A local family is advocating for the government to bring a miracle drug to Canada. 

Three-month-old Layla Bergen was born with Cystic Fibrosis. Submitted photo

Cystic Fibrosis Canada says Trikafta could help up to 90 percent of patients, calling it the single biggest advancement in treating the disease. Users say they see a marked improvement in their quality of life on the drug. Currently, the drug is available in the U.S but not Canada where it's estimated over 4,000 people live with Cystic Fibrosis.

Winkler residents Mikyla and Nic Bergen explain life has changed after learning their newborn daughter Layla has Cystic Fibrosis, a genetic disease that affects the lungs and digestive tract. Every morning they help Layla with chest physio to help break up mucous and give her medication to boost her digestive system. The diagnosis also means Layla will need to be protected from the flu and the common cold which can have much greater implications for people living with Cystic Fibrosis.

She notes they're hopeful a drug like Trikafta could make its way to Canada knowing it could change everything.

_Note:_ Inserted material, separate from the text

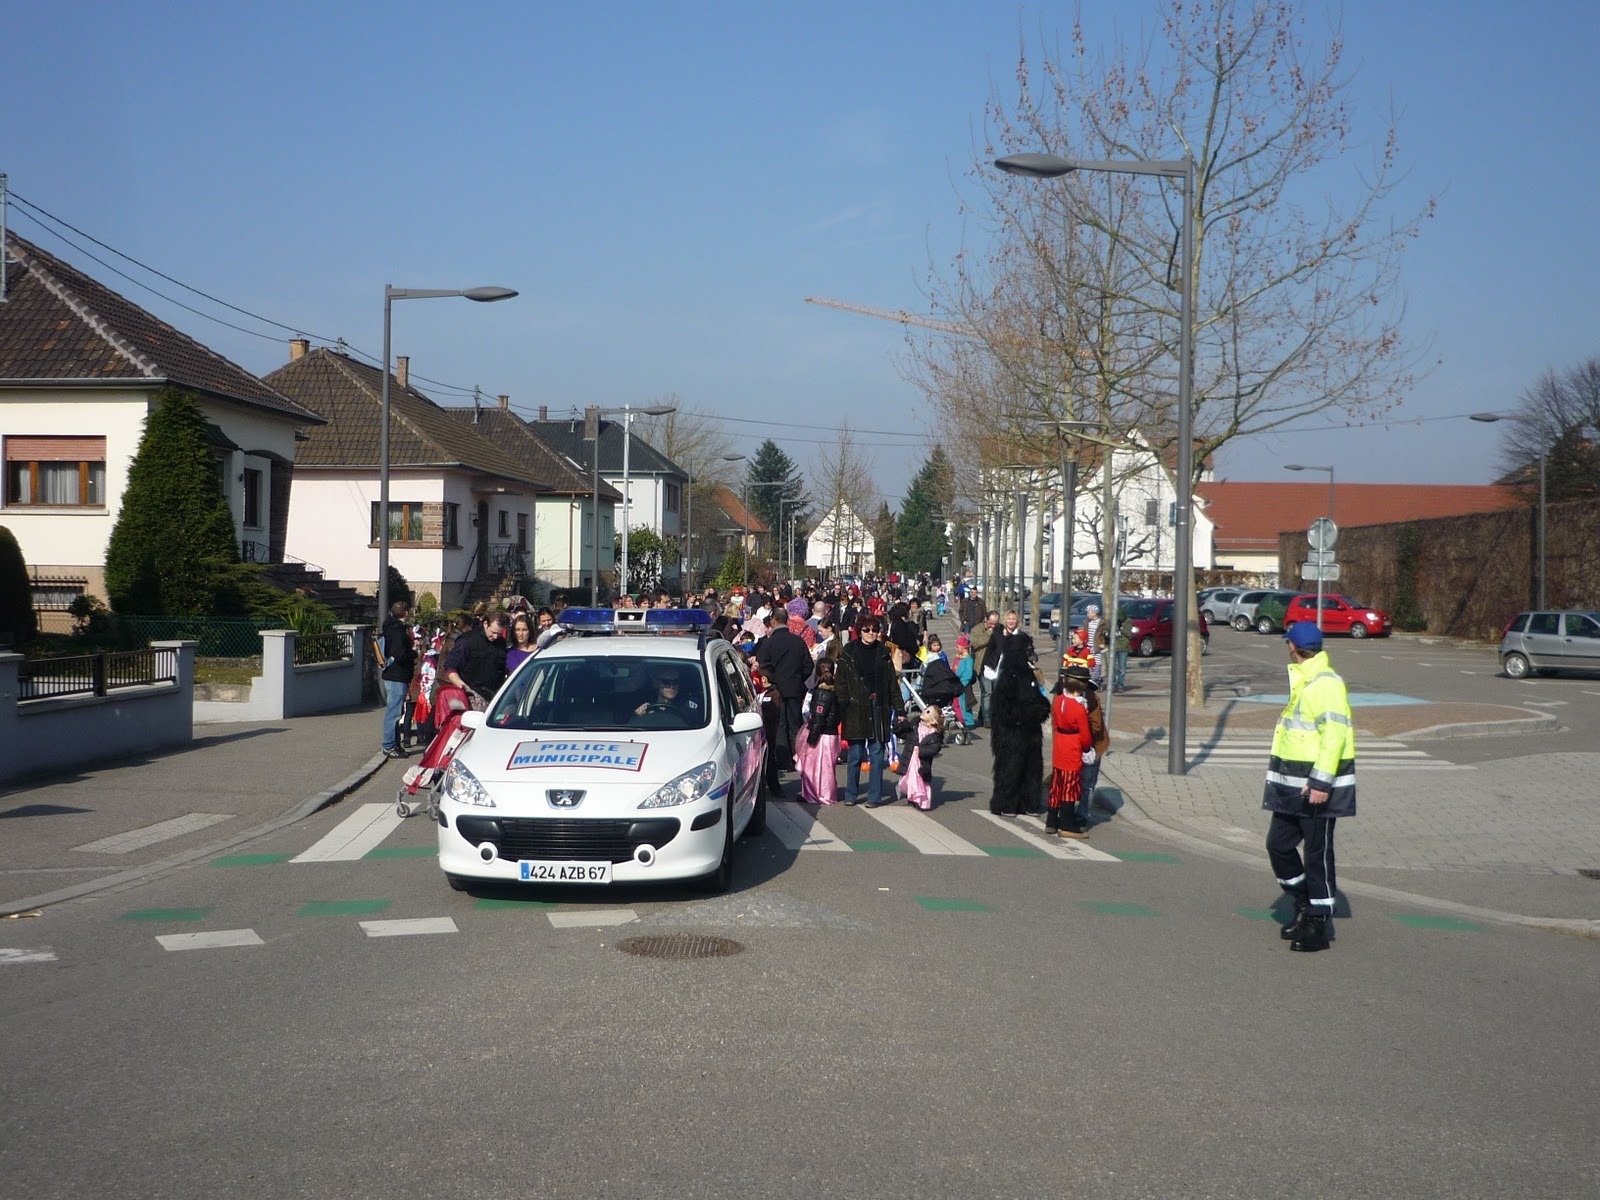 r u00e9serves communales de s u00e9curit u00e9 civile  mars 2011
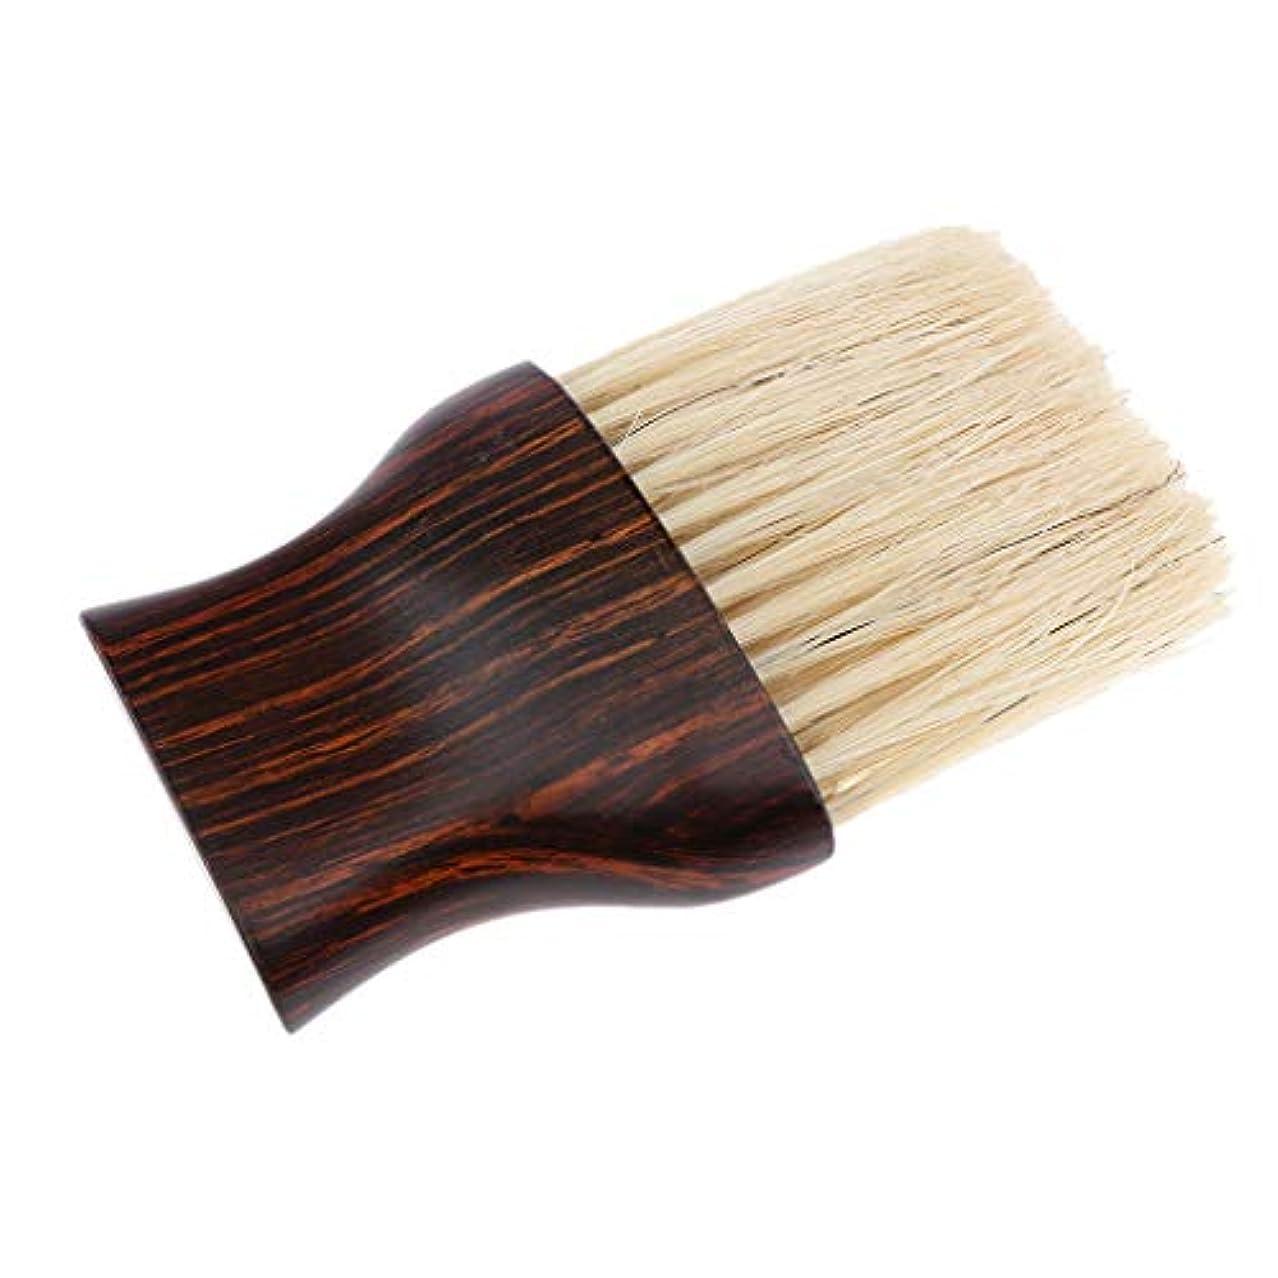 スタウト雨のキャメルT TOOYFUL ヘアブラシ 毛払いブラシ 散髪 髪切り 散髪用ツール 床屋 理髪店 美容院 ソフトブラシ

Portage-Lisgar MP Candice Bergen brought the issue to Prime Minister Justin Trudeau during question period last month.

"Can the Prime Minister tell families... when they can expect to have access to the life-saving drug Trikafta?" Bergen asked.

Trudeau explained they've put forward a rare disease high-cost drug strategy, "it's part of our commitment to make sure nobody ever has to pick between paying for rent or the medication they need."

While it still remains unclear when Trikafta may come to Canada, Mikyla says it's encouraging to know the voice of Cystic Fibrosis patients is growing louder and reaching the ears of the country's top lawmakers.

In more encouraging news, a woman in Ontario was recently approved by the drug's parent company, Vertex Pharmaceuticals, for compassionate care. As a result, she will have free access to the drug for life. The drug normally costs nearly $35,000 per month.